The shame is, Yu Dao is actually a neat setting with lots of interesting concepts. There's Fire-citizen earthbenders like Kori, the girls who became Air Acolytes being serious about living out the Air Nomad's philosophy, the colonists who joined the Freedom Fighters in protesting Yu Dao's continued existence, Toph's students, the racist firebender teacher whose school Toph takes over. There's also how some colonists, like Kori, are fiercely loyal Fire Nation citizens despite the colonists being referred to disdainfully by their countrymen in the cartoon. Or how Yu Dao is famous for its steel, and all we see them make are weapons — implying the city is rich because of arms dealing during the war.

The potential for a good story was there, it just either wasn't developed or was lost due to lack of focus. Overall? A lackluster sequel.

Korval Since: Jan, 2001
02/05/2013 00:00:00

I don't think the story is saying that the Fire Nation was right to attack them. It's more simply accepting the fact that the attack and colonization happened, and you can't just "Ctrl-Z" that. It's not fair to the people who are living here now to force that on them. Everyone who started the war is dead and buried. We have to confront this situation starting now, and we have to do what is in the best interest of these people here today.

The fact is, separating those people against their will is functionally no less wrong than Sozin forcing their forefathers to live together against their will.
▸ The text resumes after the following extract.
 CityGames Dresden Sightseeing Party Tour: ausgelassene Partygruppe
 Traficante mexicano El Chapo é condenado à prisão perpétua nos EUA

Two wrongs don't make a right.

fenrisulfur Since: Nov, 2010
02/05/2013 00:00:00

I agree with Korval. Nobody says Sozin was right, they just ask why is it different now to tell them to leave. If it were pro white man's burden, the Fire Nation would take over Yu Dao, or the Earth Kingdom would take over Yu Dao, as both cases involve one culture sublimates the other.

illegitematus non carborundum est
Sikon Since: Jan, 2001
10/26/2013 00:00:00

Yes, what Korval said was the message I got from the story.

gk3389127 Since: Jan, 2014
03/03/2017 00:00:00

Not to beat a dead horse, but I think the prior comments hit it on the nail. The series acknowledges in full that it wasn\'t right for Sozin to settle there in the first place, but you can\'t just go to the other extreme and scoop these people out of their homes either.